Está a aberta a época dos alertas de Jerónimo de Sousa e Catarina Martins a António Costa. Os líderes comunista e bloquista já avisaram que não vão passar cheques em branco ao PS no que toca ao próximo Orçamento do Estado (OE).
O primeiro-ministro vai ter de arranjar maneira de encaixar as exigência dos parceiros de coligação no OE para 2017, a bem da permanência da maioria de esquerda no poder. A tarefa não deve ser fácil, já que muitas têm custos que vão tornar mais difíceis as contas para cumprir as metas estabelecidas por Bruxelas. Ninguém espera uma crise à esquerda, mas nem por isso serão simples as negociações para a aprovação do Orçamento.
Ao longo das últimas semanas, PCP e BE têm vindo a apresentar as condições para aprovar o documento e Jerónimo de Sousa não perdeu a oportunidade de, no encerramento da 40.ª Festa do Avante!, este domingo, voltar a enumerar as medidas que considera “indispensáveis” para que os comunistas deem luz verde ao OE.
Salários e pensões Lutar “contra a precariedade” no trabalho, o “aumento dos salários” – nomeadamente do salário mínimo para os 600 euros – e o “descongelamento das carreiras” na função pública são medidas que surgem à cabeça das reivindicações comunistas.
Mas no capítulo das pensões, Jerónimo de Sousa faz uma exigência ainda mais concreta. O PCP reclama o “aumento efetivo das reformas e pensões”, pedindo uma subida “não inferior a dez euros por mês” (ver pág. 22-23), que pode ser problemática pelos custos que acarreta.
Precariedade e subida de vencimentos são pontos em que PCP e BE estão em perfeita sintonia. Já no Fórum Socialista 2016, no final do mês passado, Catarina Martins falava num combate à precariedade e no aumento do salário mínimo. Este domingo, na Feira Nacional da Cebola em Rio Maior, a coordenadora do BE recordou o “compromisso com recuperação de rendimentos” assumido para o apoio ao Governo de Costa.

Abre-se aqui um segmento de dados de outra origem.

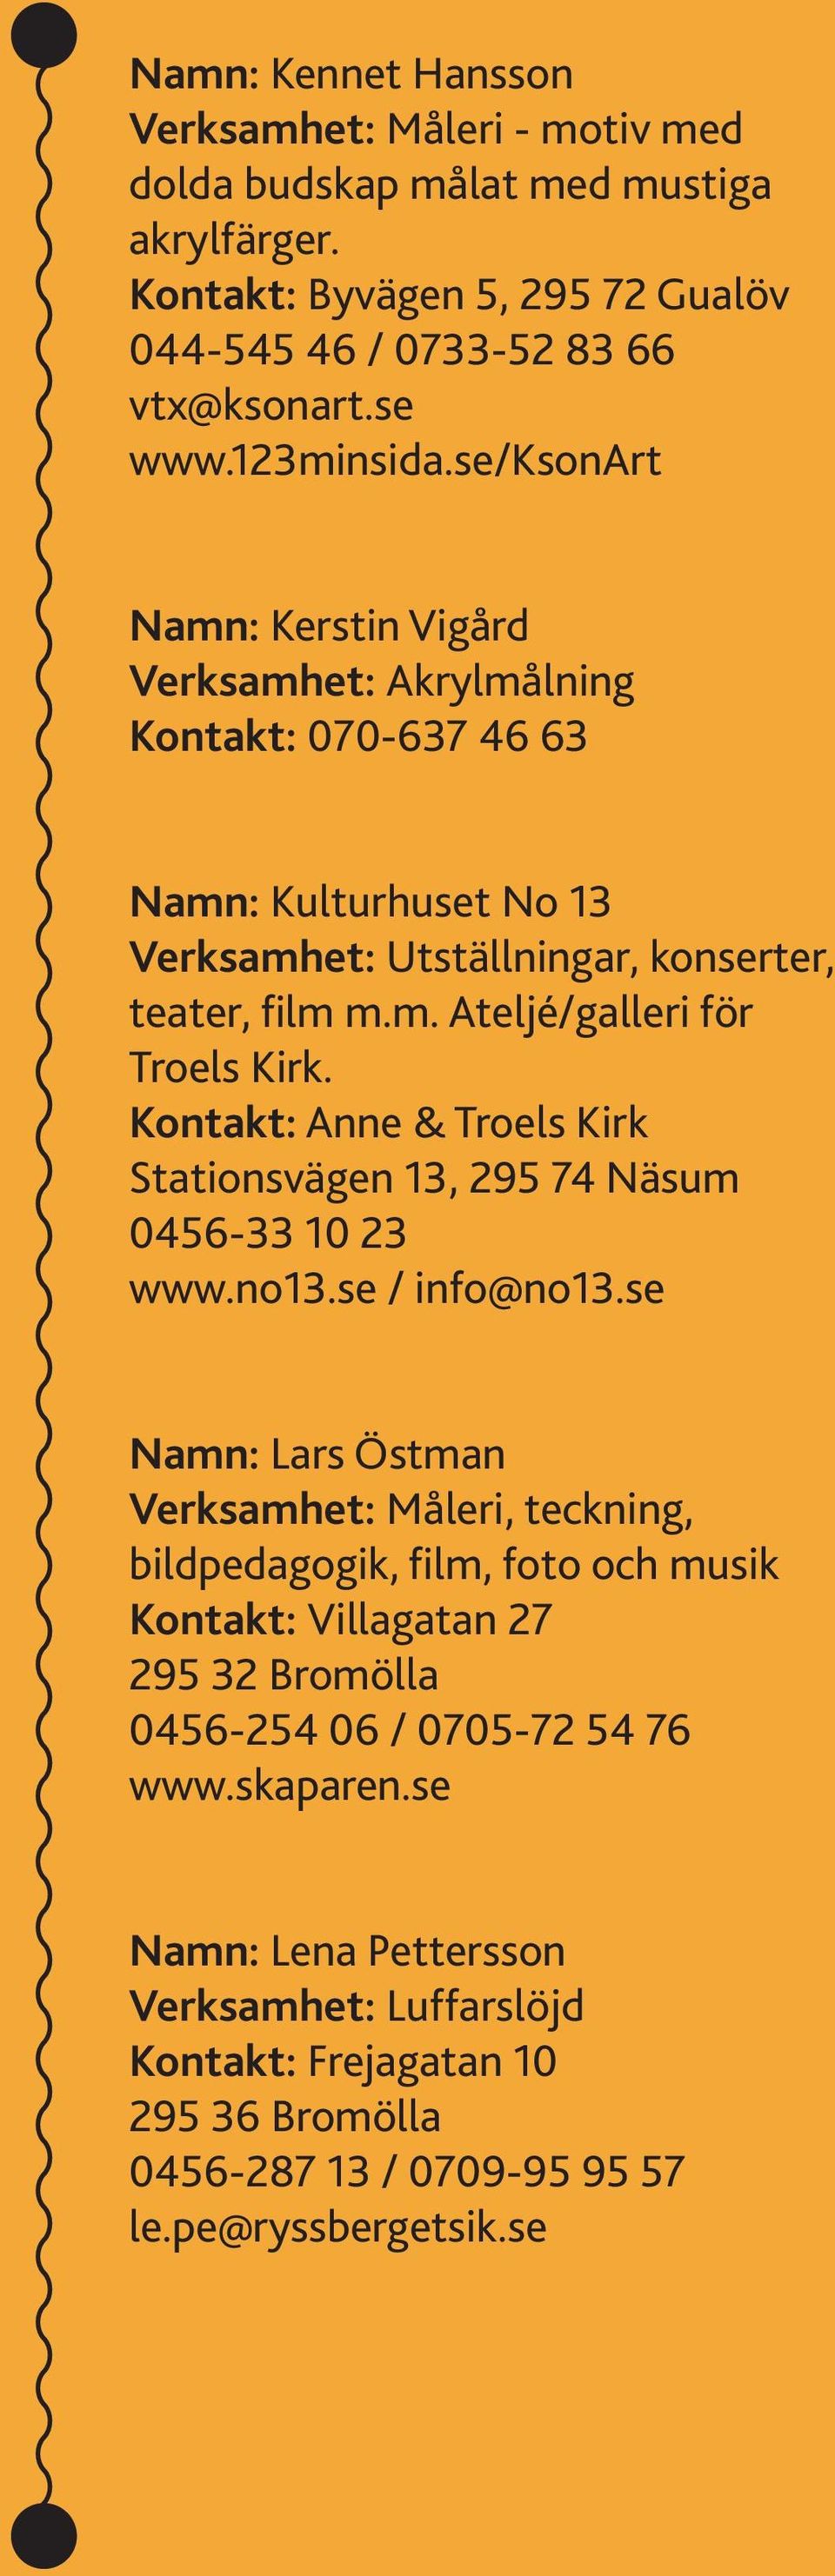 Kontakt: Anne & Troels Kirk Stationsvägen 13, 295 74 Näsum 0456-33 10 23 www.no13.se / info@no13.

Isso implica o fim de todos os “cortes salariais” e de “todos os cortes de pensões também em 2017”. “A sobretaxa que já acabou para 90% tem de acabar para todos os portugueses e é preciso voltar a haver progressividade nos escalões do IRS para proteger quem vive do seu trabalho”, exige a bloquista.
As “injustiças no sistema fiscal” preocupam também Jerónimo de Sousa, que quer combater os “privilégios dos grupos económicos” e reforçar a tributação do património mobiliário para poder aliviar “os impostos sobre os trabalhadores e o povo”.
Investimento público Jerónimo de Sousa defende uma política que “promova e reforce o investimento público orientado para o crescimento e emprego, com políticas que defendam a agricultura, as pescas e a indústria”, pedindo ao mesmo tempo o reforço do “crédito e apoios públicos” a micro, pequenas e médias empresas.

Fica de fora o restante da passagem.